As políticas públicas dos governos Dilma e Lula oportunizaram o acesso à educação para homens e mulheres pretas. No entanto, o atual governo provocou um retrocesso em relação às ações afirmativas para garantir o acesso da população negra aos estudos. Na minha opinião, a educação é o caminho para busca de novas oportunidades e de combate ao racismo estrutural.

Como você ingressou no movimento sindical?

Fui convidada por um dirigente sindical que trabalhava no Polo Petroquímico. Eu sabia que não seria uma tarefa fácil. Tudo o que os trabalhadores conquistaram até aqui foi através da luta dos sindicatos, das suas centrais e federações. Eu tive que sair da minha zona de conforto no laboratório, fazendo o que eu adoro, para ingressar no mundo sindical. A tarefa é árdua, pois dentro do sindicalismo ainda existe muito machismo.

Na CUT-RS, eu enquanto bióloga, também atuo nos conselhos de meio ambiente e câmaras técnicas, a qual temos representação pelo Sindiágua. Hoje estou frente à luta das mulheres, pelo feminismo. Sempre fui feminista e não sabia disso, mas a formação sindical me despertou. É um mundo transformador! O nosso sindicato tem uma comissão de mulheres há 21 anos, que estão distribuídas em todo Estado. Estou frente à Secretaria de Gênero, Raça, Minorias e Aposentados do Sindiágua. A quantidade de mulheres atuando em todos os espaços do tratamento da água vai mudar nossa relação interpessoal com os homens. Temos a mesma capacidade técnica e intelectual para fazermos o mesmo trabalho dos homens. Não queremos ocupar o lugar de ninguém, homens e mulheres precisam andar juntos nessa luta.
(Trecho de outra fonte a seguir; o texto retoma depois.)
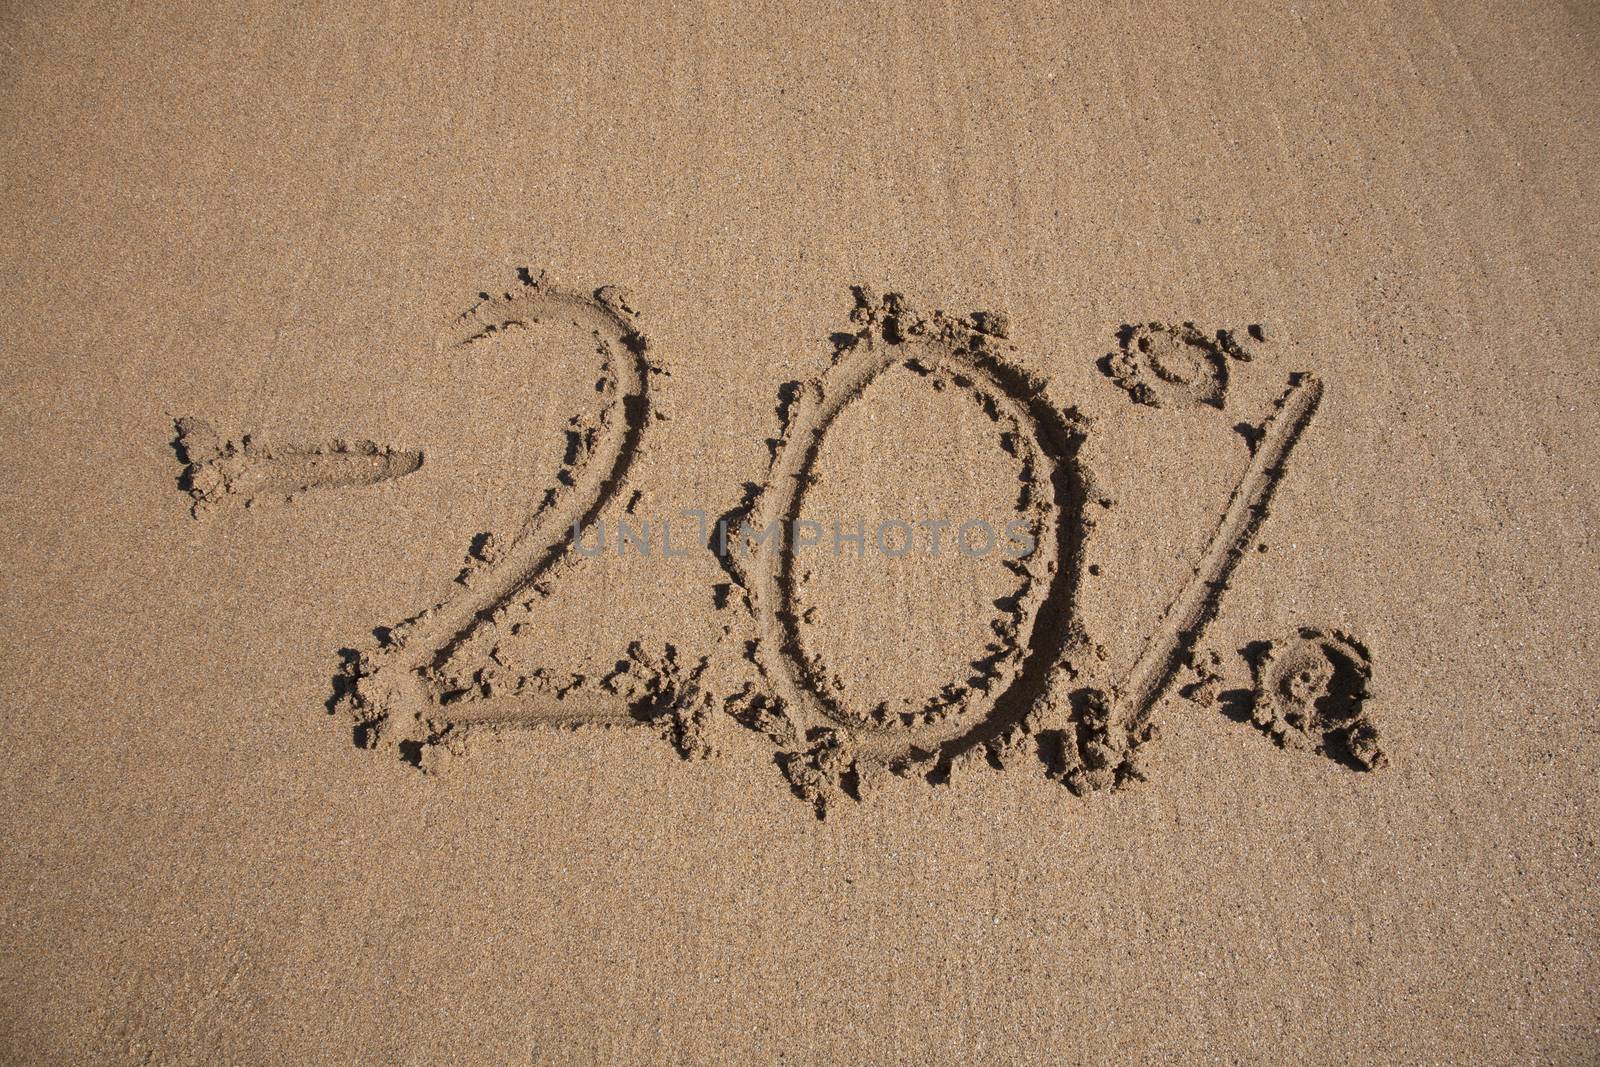 20 per cent discount in earth text written on brown sand ground low tide beach ocean seashore in Spain Europe

Como enfrentar o racismo estrutural?

A população preta precisa de igualdade de oportunidades. Nesse processo, o acesso à educação é fundamental e precisamos de políticas públicas para transformar essa realidade racista. É importante ocuparmos os espaços de decisão. A eleição da bancada antirracista que ocupa seu espaço na Câmara de Vereadores de Porto Alegre foi uma vitória, mas queremos mais representatividade preta nas esferas políticas. Ainda não vemos mulheres pretas em cargos de chefia e temos que conquistar essa oportunidade. É preciso banir o racismo recreacional calcado em piadinhas. Exigir respeito! As políticas públicas são essenciais para as pessoas pretas ascenderem socialmente e ocuparem os espaços que desejam estar. Nossa libertação não teve direitos, fomos tirados de uma escravização e jogados ao mundo sem acesso a uma vida digna. Vamos juntos combater o racismo, a luta é de todos nós!